Clinical Trials Registration
Keywords: Neisseria gonorrhoeae, ciprofloxacin, antimicrobial resistance, serine 91, gyrase A gene
Resistance-guided treatment of N. gonorrhoeae infections with single-dose oral ciprofloxacin was highly efficacious. In this clinical study 100% (95% 1-sided confidence interval, 97.5–100%) of 117 infections among 106 evaluable subjects were successfully treated using single-dose oral ciprofloxacin.
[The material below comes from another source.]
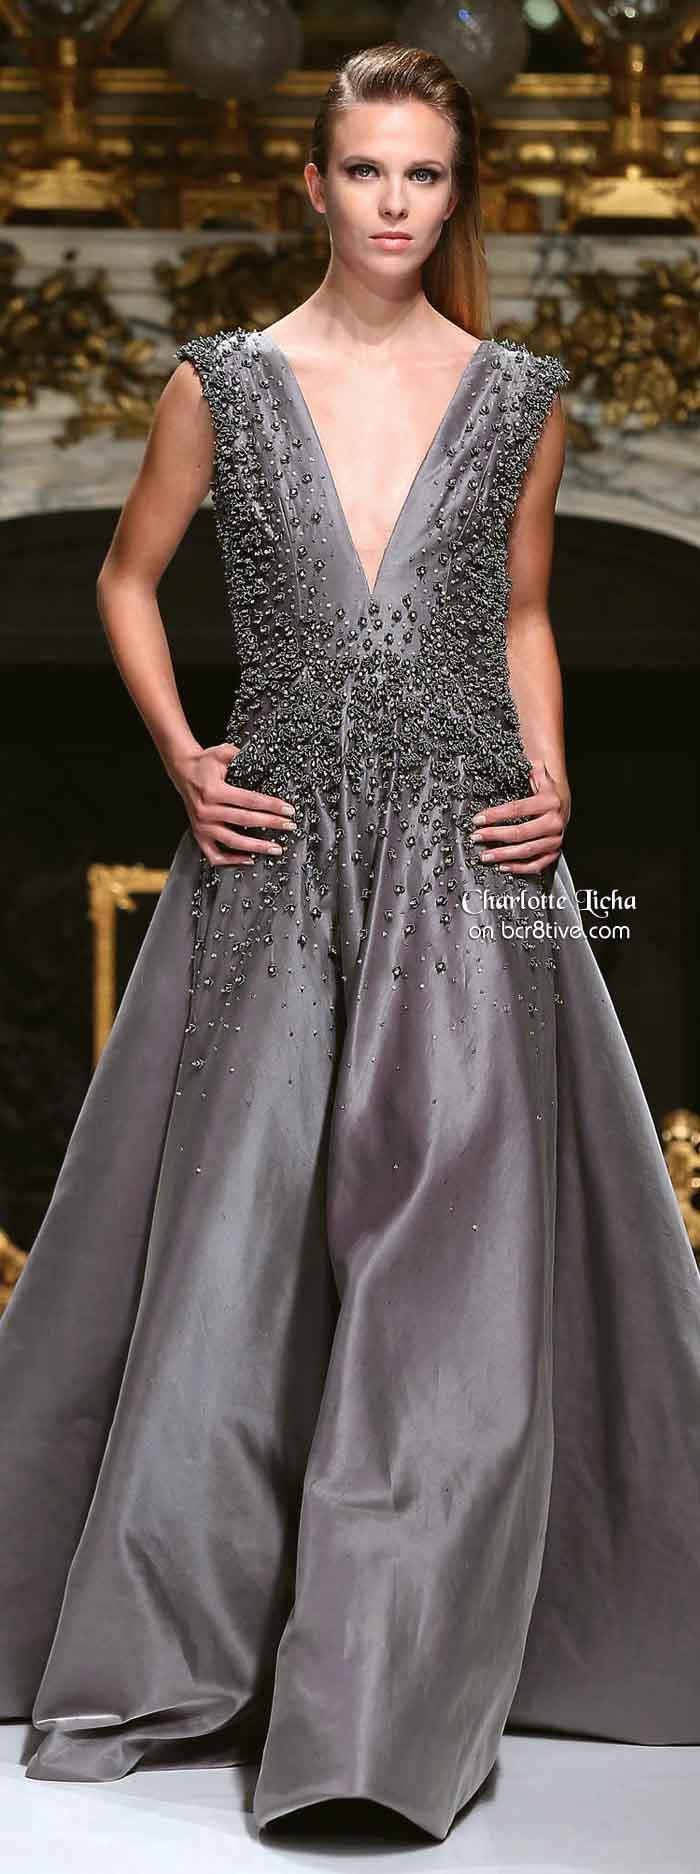 Charlotte Licha Spring 2014 Couture

Increasing antimicrobial resistance is a public health emergency [1]. In many countries more than 5% of Neisseria gonorrhoeae are resistant to extended-spectrum cephalosporins, the last available class of effective antimicrobial therapy [2, 3]. The treatment of antimicrobial-resistant N. gonorrhoeae infections can result in clinical treatment failure, clinical complications, and the subsequent transmission of antimicrobial-resistant organisms [4, 5]. Resistance may actually be perpetuated by the frequent screening and treatment of those with N. gonorrhoeae infections [6, 7]. Reducing therapy with a single recommended class of antibiotics and treating with different efficacious classes of antibiotics might be a novel strategy to decrease the selection pressure for resistance and slow its continued emergence [8–10]. The US Centers for Disease Control and Prevention’s (CDC’s) current recommended therapy, ceftriaxone 250 mg plus azithromycin 1 g, requires an intramuscular injection, which can cause patient discomfort and often an additional clinical visit for administration [11]. An additional effective oral therapy would be highly advantageous. Oral therapy may also facilitate partner treatment and treatment in nonclinical settings [12].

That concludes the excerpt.